Teraz krótko o tym, co mają do zaoferowania smakoszom kwasów i podpiwków.

1. Podpiwnik z Krynki
Nie wiem jaka jest geneza słowa podpiwnik, ale kojarzy się tak - to podpiwek, który nie jest podpiwkiem. Tak jak i cypek nie jest oscypkiem, a Magdoland nie jest McDonaldem. Sorry, ale nazwa mi się nie podoba i tyle.
Z czego składa się podpiwnik? Wody źródlanej, dwutlenku węgla, cukru, emulsji kwasu chlebowego (karmel amoniakalno-siarczynowy - barwnik, aromat, guma arabska - stabilizator), kwasu cytrynowego, substancji słodzącej (cyklaminian sodu, acesulfam K, aspartam, sacharynian sodu), benzoesanu sodu. Jest w tym źródło fenyloalaniny i SO2. Co do smaku, to napiszę dyplomatycznie - pijałem lepsze.


2. Kwas Podlaski z Krynki
Po składzie doszedłem, czym się różni od podpiwnika. Kluczem okazała się emulsja kwasu chlebowego, czyli to, ile jest kwasu w kwasie, bo poza tym wszystkie składniki są takie same. W Podlaskim emulsja składa się z ekstraktu 2% oraz aromatu. Nie ma karmelu amoniakalno-siarczynowego i gumy arabskiej. Jak to smakuje? Jak podpiwnik bez karmelu i gumy arabskiej. W Auchan jest dostępny w butelkach 1,5l, ale gdzie indziej są też litrowe, z inną etykietą.

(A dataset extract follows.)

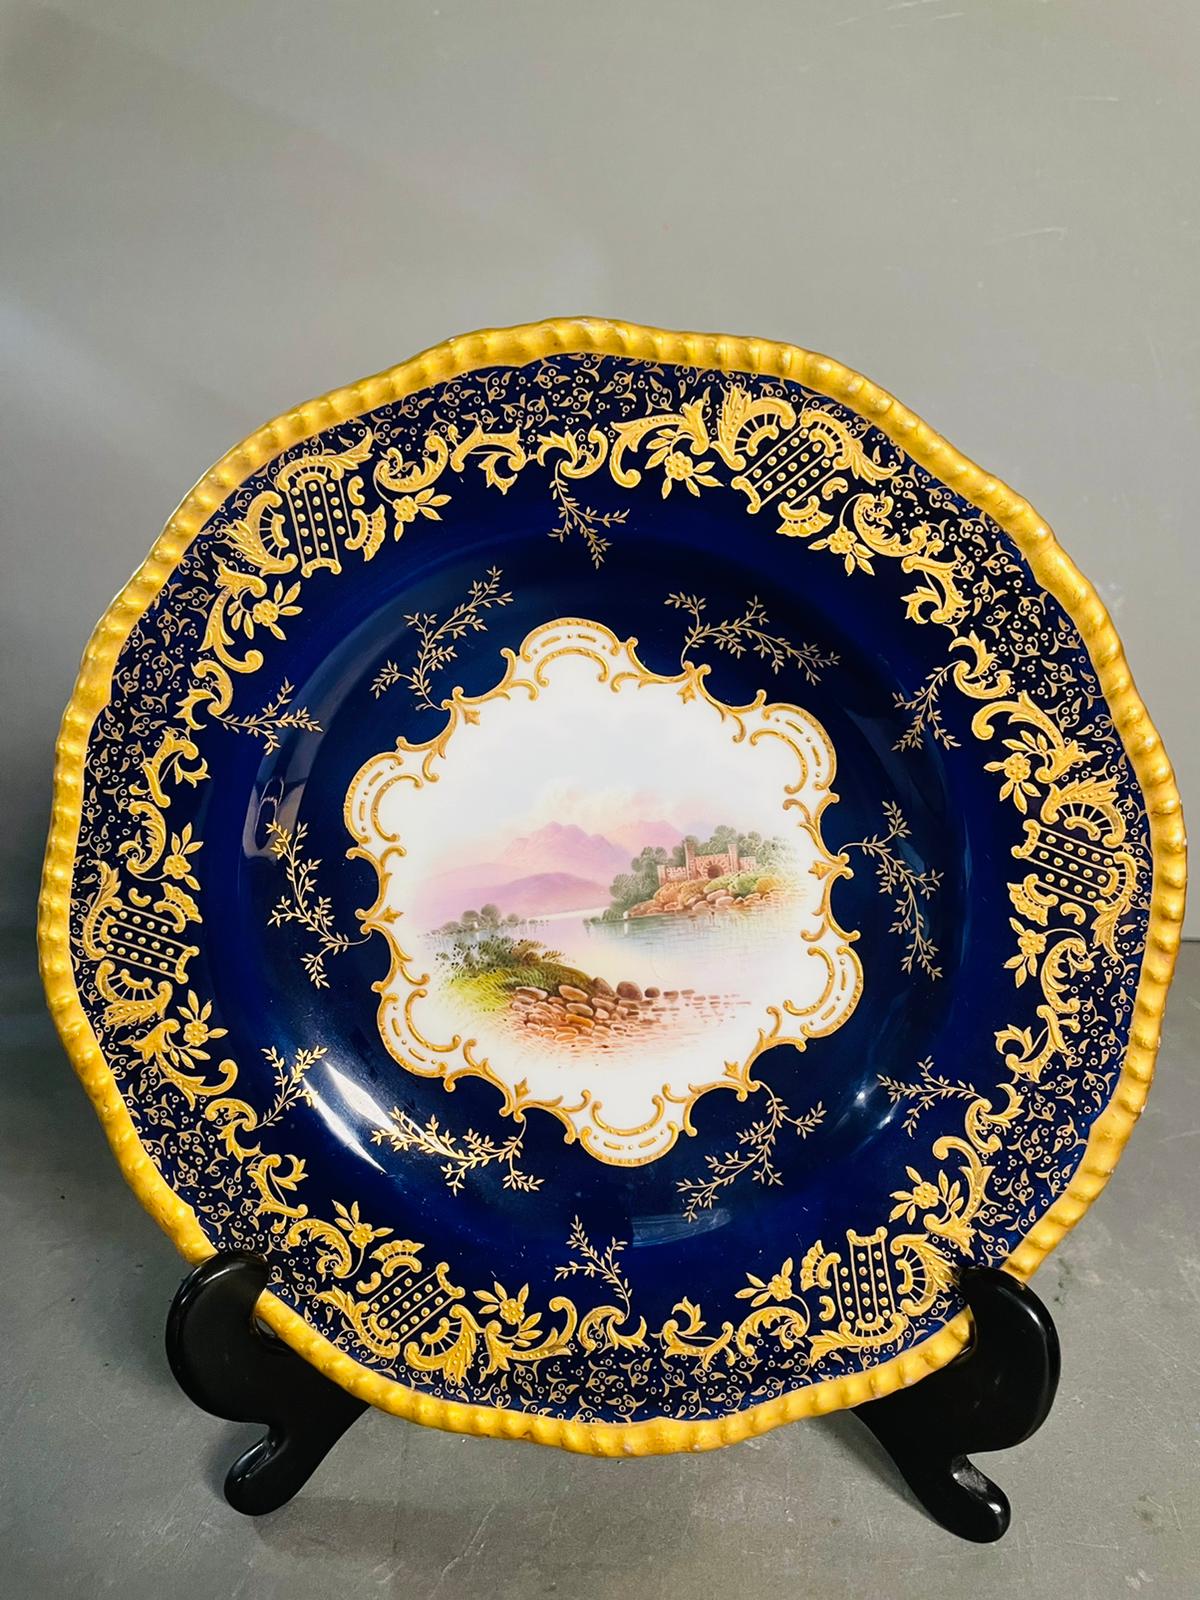 A selection of five early 20th century Coalport hand painted plates with blue grounds, under an acid
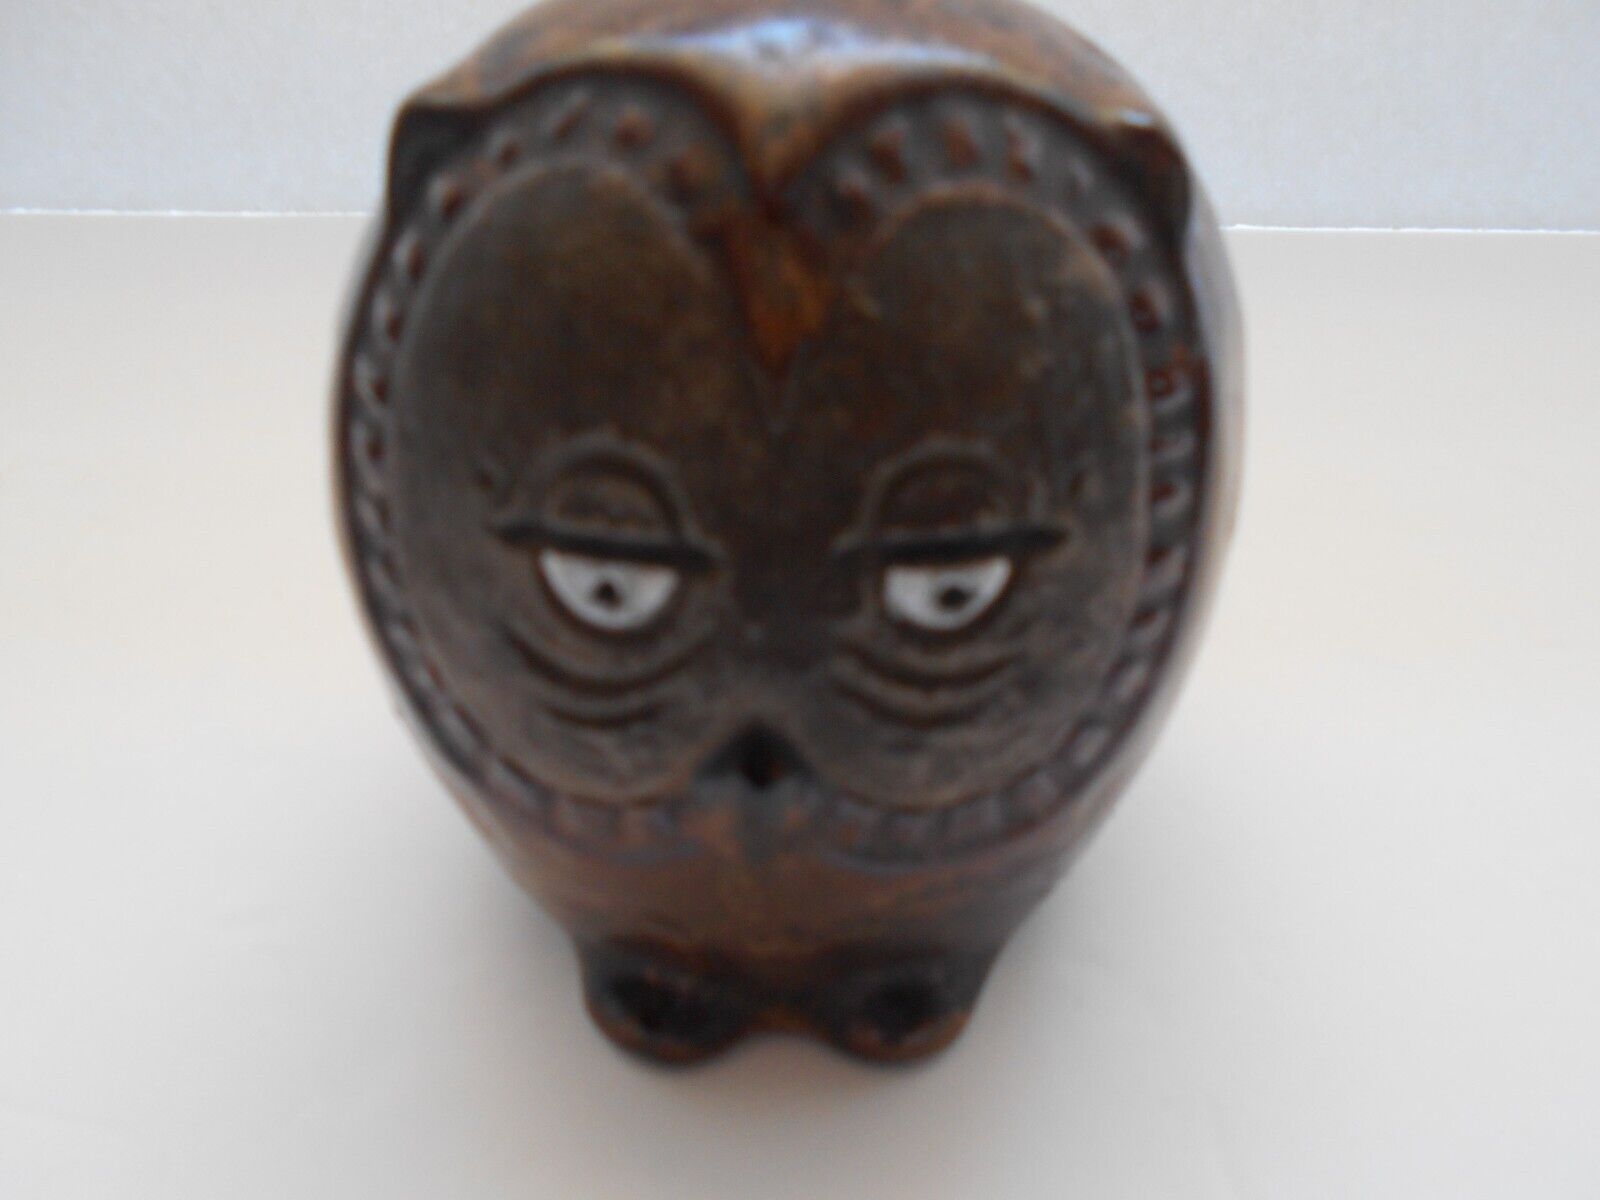 Vintage Owl stone ware cion bank, glazed, pottery brown in color. Made in Japan.

3. Podpiwek Lubuski z Witnicy
Ciemna tonacja butelki sprawia, że łatwo wypatrzyć go w sklepie. Nawet kapsel ma czarny. W smaku wyróżnia się tym, że jest wyjątkowo słodki. przypomina mi to czasy, w których lokalni producenci zalewali rynek kwasami składającymi się chyba wyłącznie z cukrów przetworzonych. A mimo to ten podpiwek da się pić! Plus za oryginalność. Skład został opisany mniej dokładnie niż u konkurencji: woda, ekstrakt słodowy, aromaty, cukier, regulator kwasowości: kwas cytrynowy, witamina C. Nie ma nic o gumie arabskiej.


4. Kwas chlebowy z Witnicy
Sprzedawany w dwóch wersjach. Jako "starosłowiański napój orzeźwiający" oraz "old Slavic traditional cooling beverage", z dopiskiem "Lubuskie", którego na polskiej etykiecie nie ma. Wnioskuje, że ta druga wersja jest na eksport, ja ją jednak nabyłem w polskim Auchan. Najbardziej zaskoczyło mnie, że jako jeden ze składników producent wymienia kwas chlebowy. Kwas chlebowy składa się więc z kwasu chlebowego, na to wychodzi. A poza tym z: wody, wyciągu słodu jęczmiennego, aromatów, karmelu, regulatora kwasowości: kwasu cytrynowego, witaminy C. Kwas ten piłem kilka miesięcy temu i nie podejmę się opisania smaku, nie powiem jednak, aby szczególnie utkwił mi w pamięci.